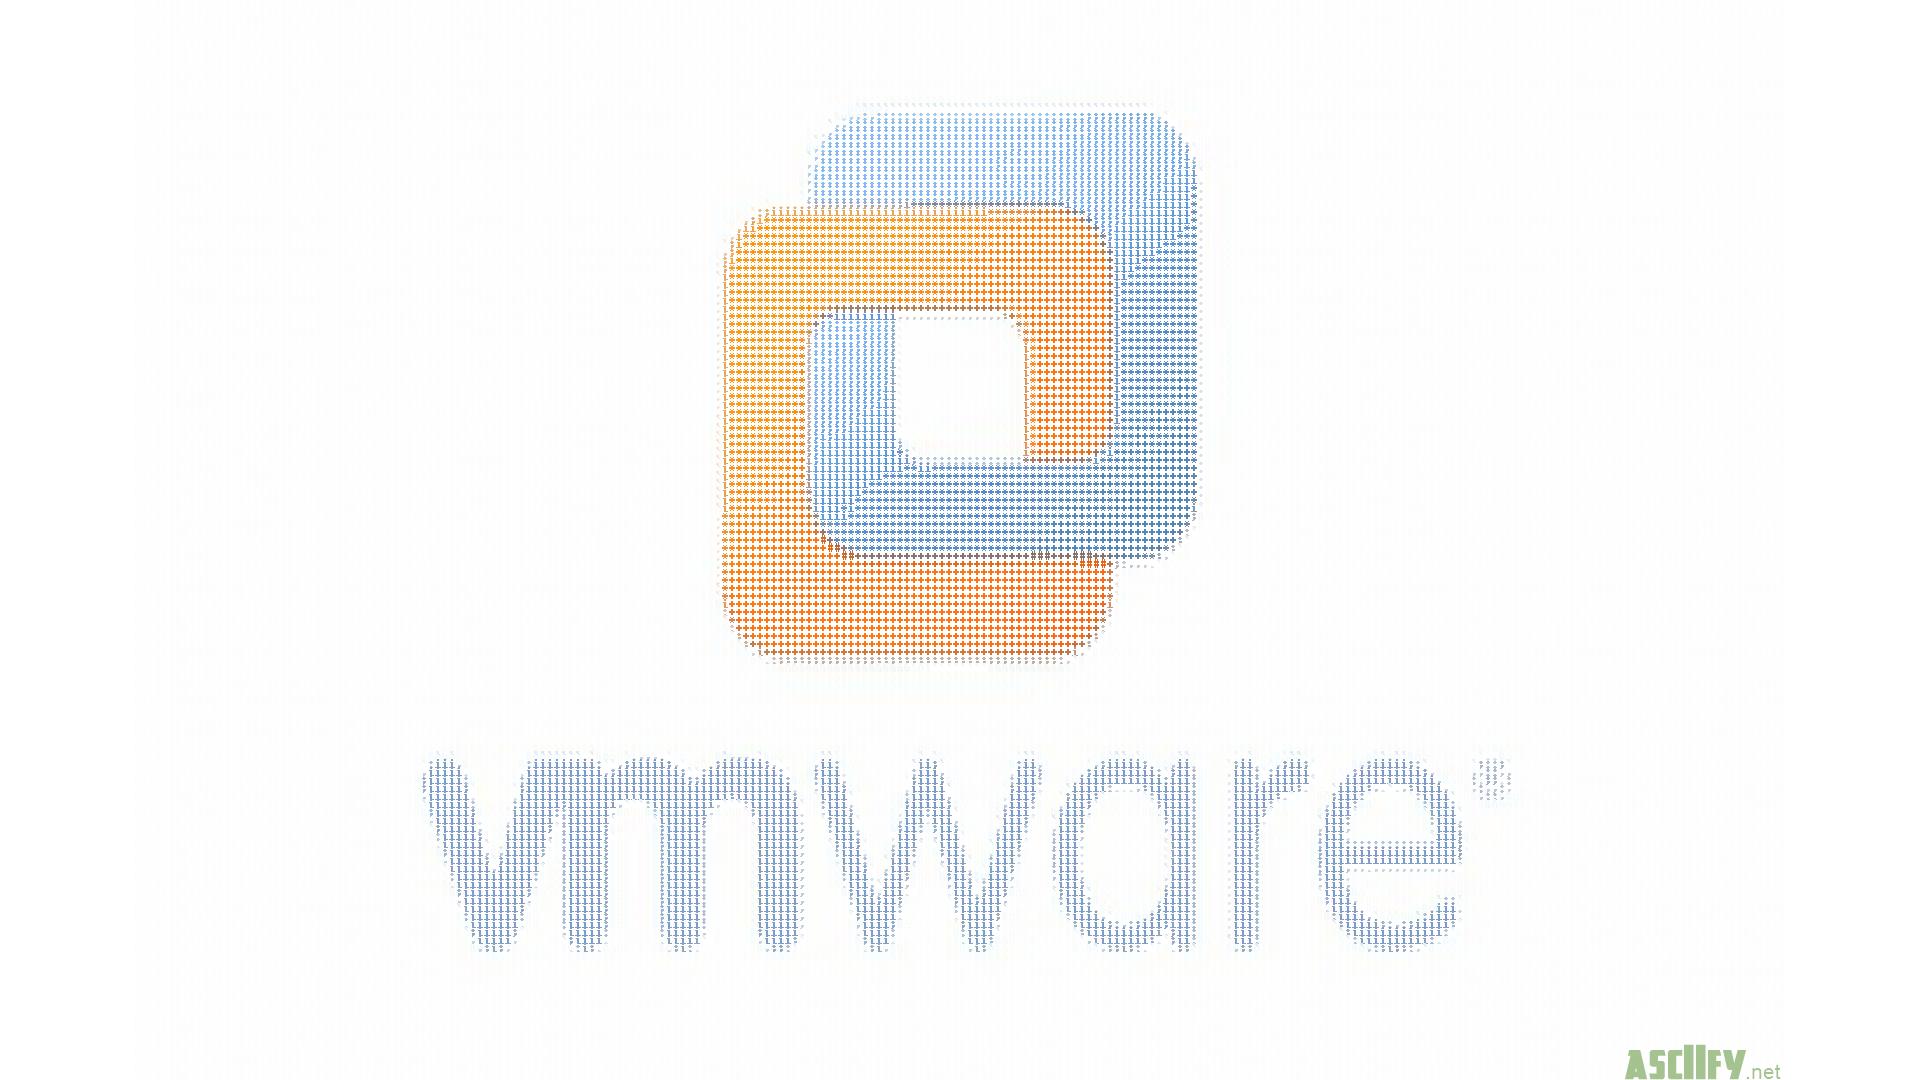 ASCIIfy net - vmware
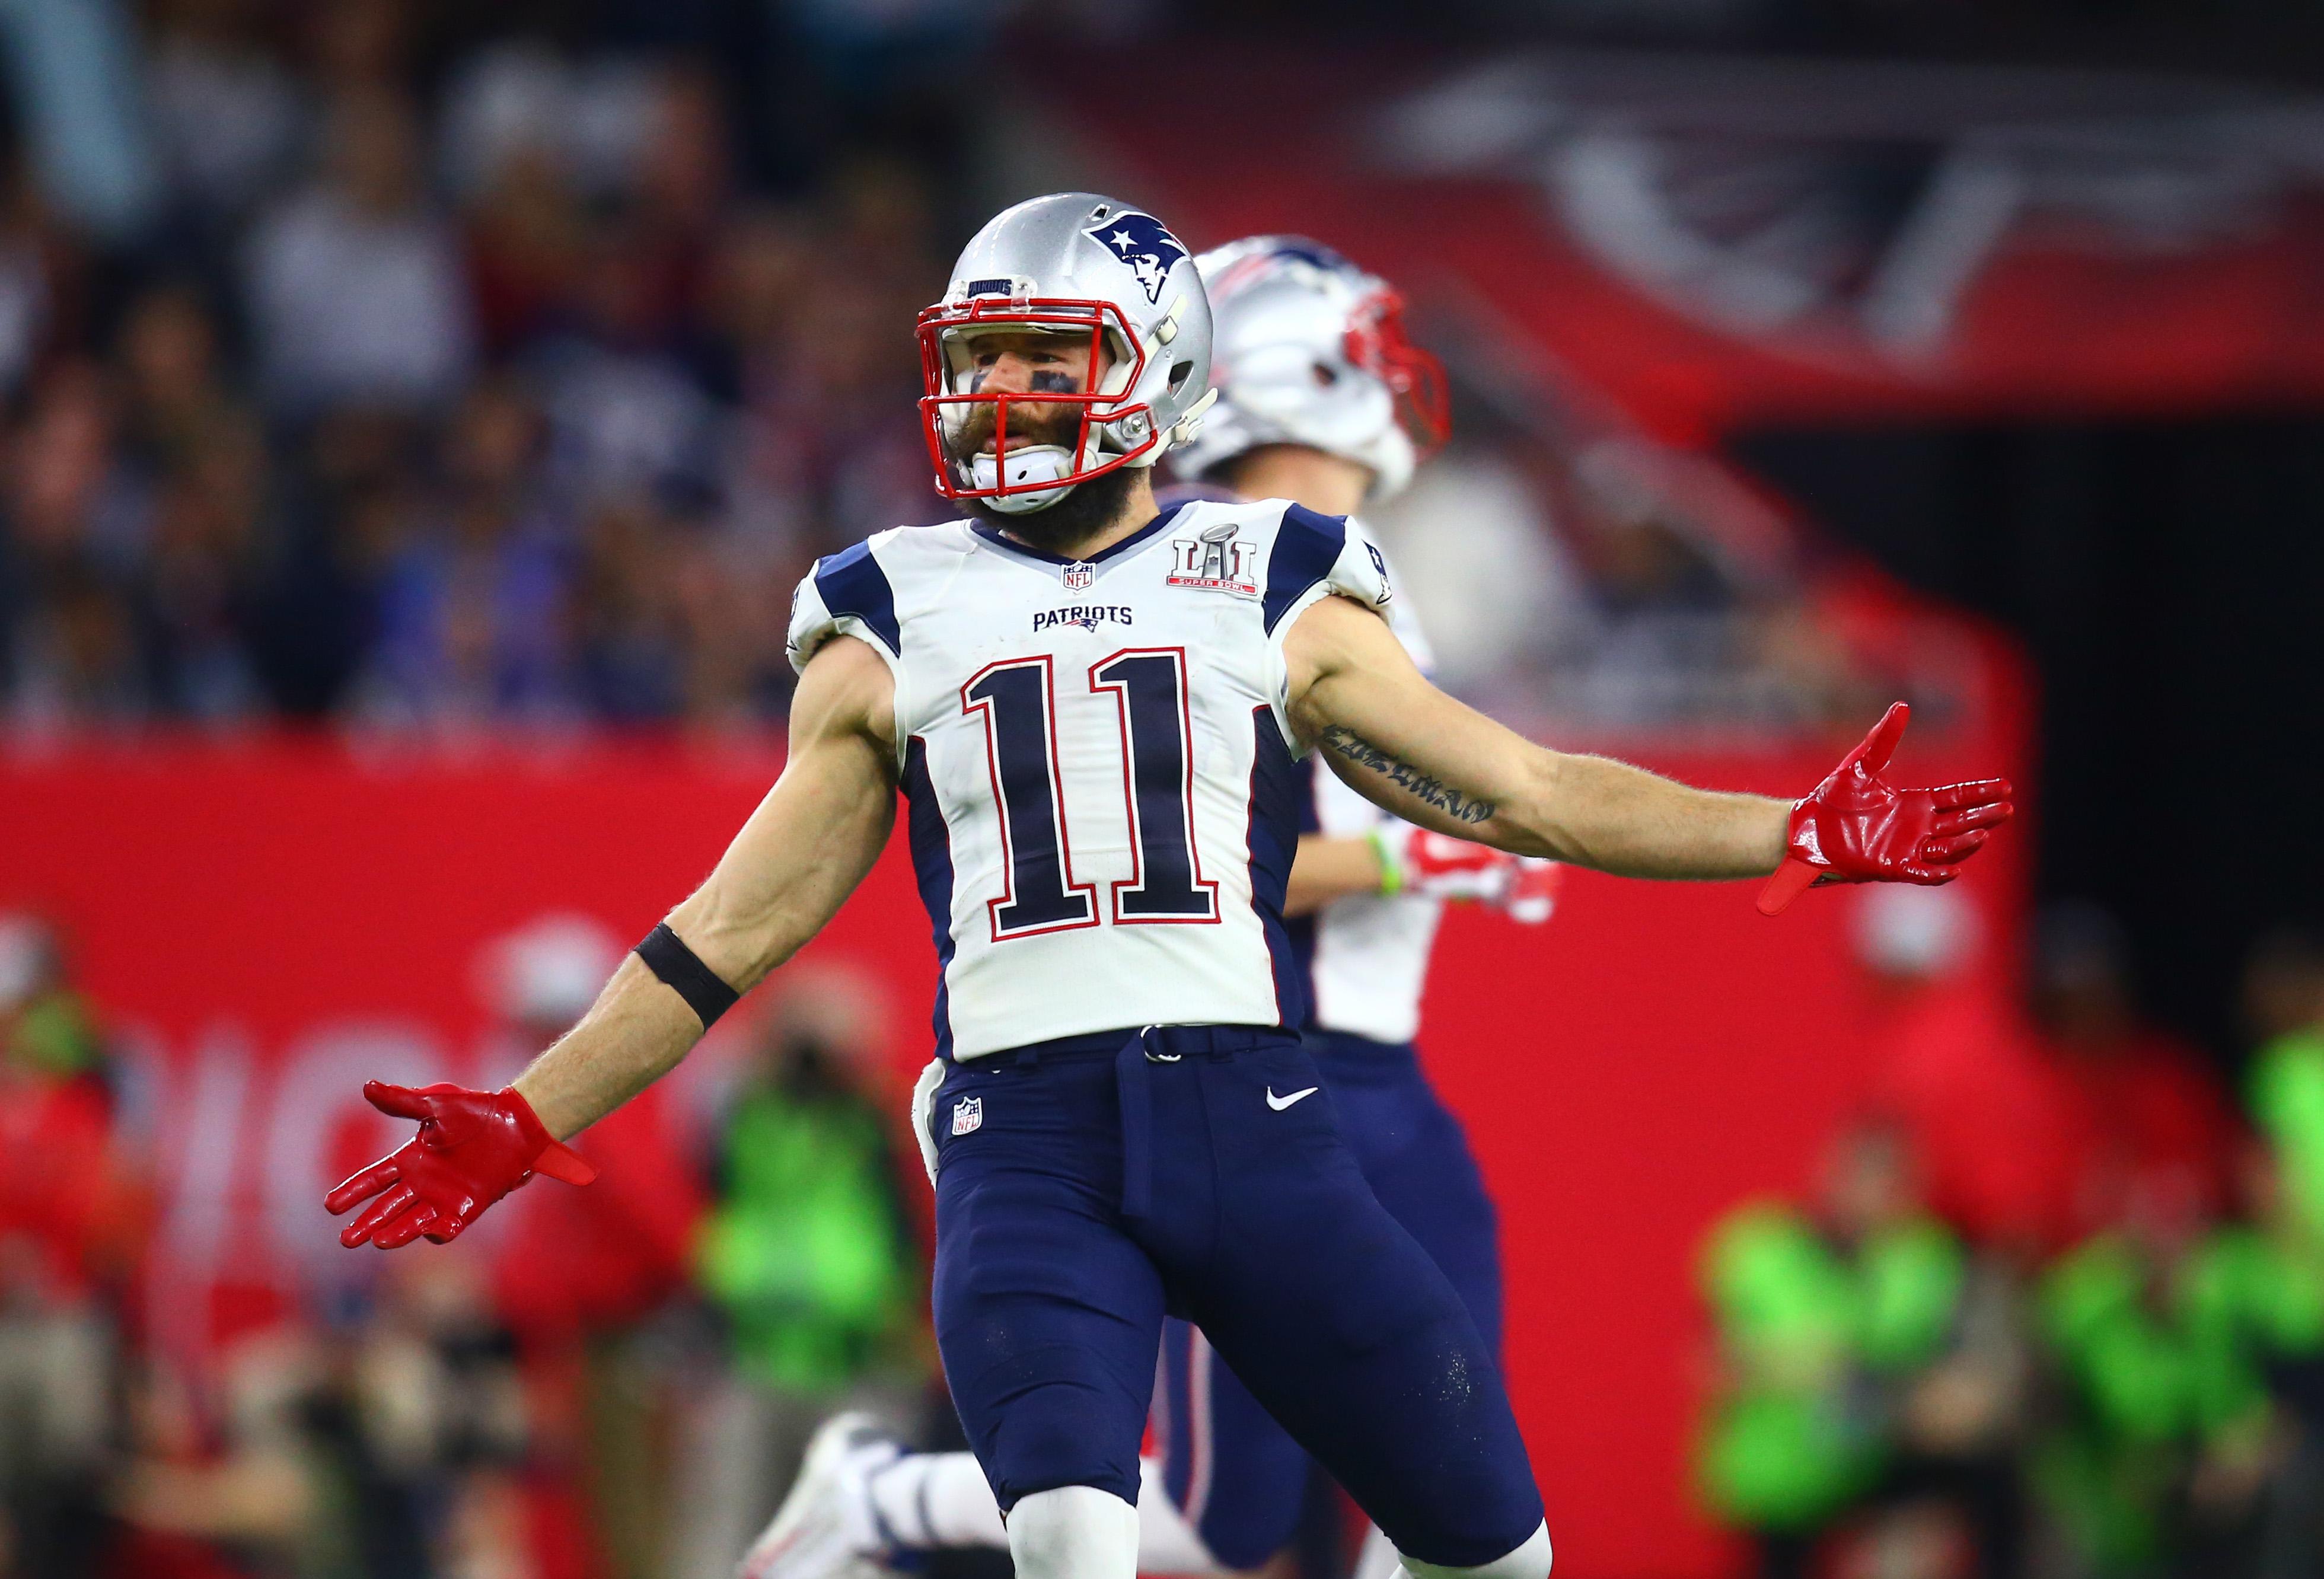 New England Patriots: Julian Edelman No. 71 on 'NFL Top 100' list
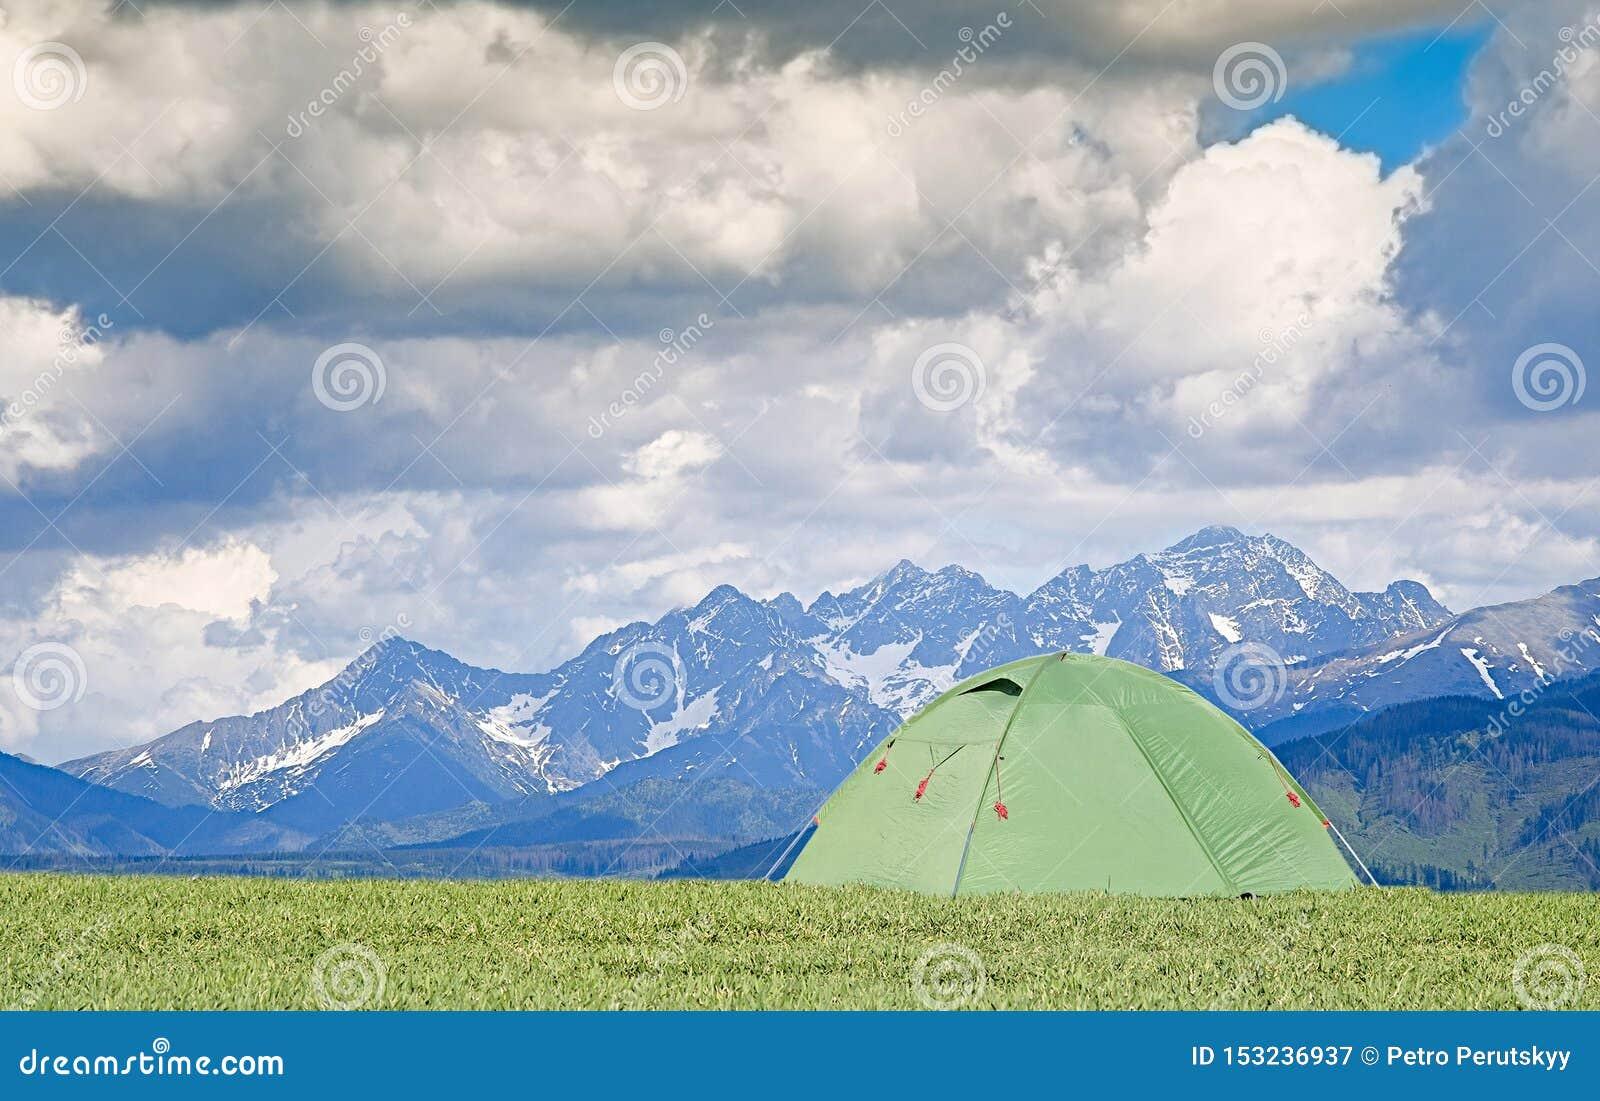 Tourist pitch a tent

**BRIEF:** Copy out all the data above exactly as written. Skip the pictures.

**PROBLEM SOLUTION:**
 ASCIIfy net - vmware
 New England Patriots: Julian Edelman No. 71 on 'NFL Top 100' list
 Tourist pitch a tent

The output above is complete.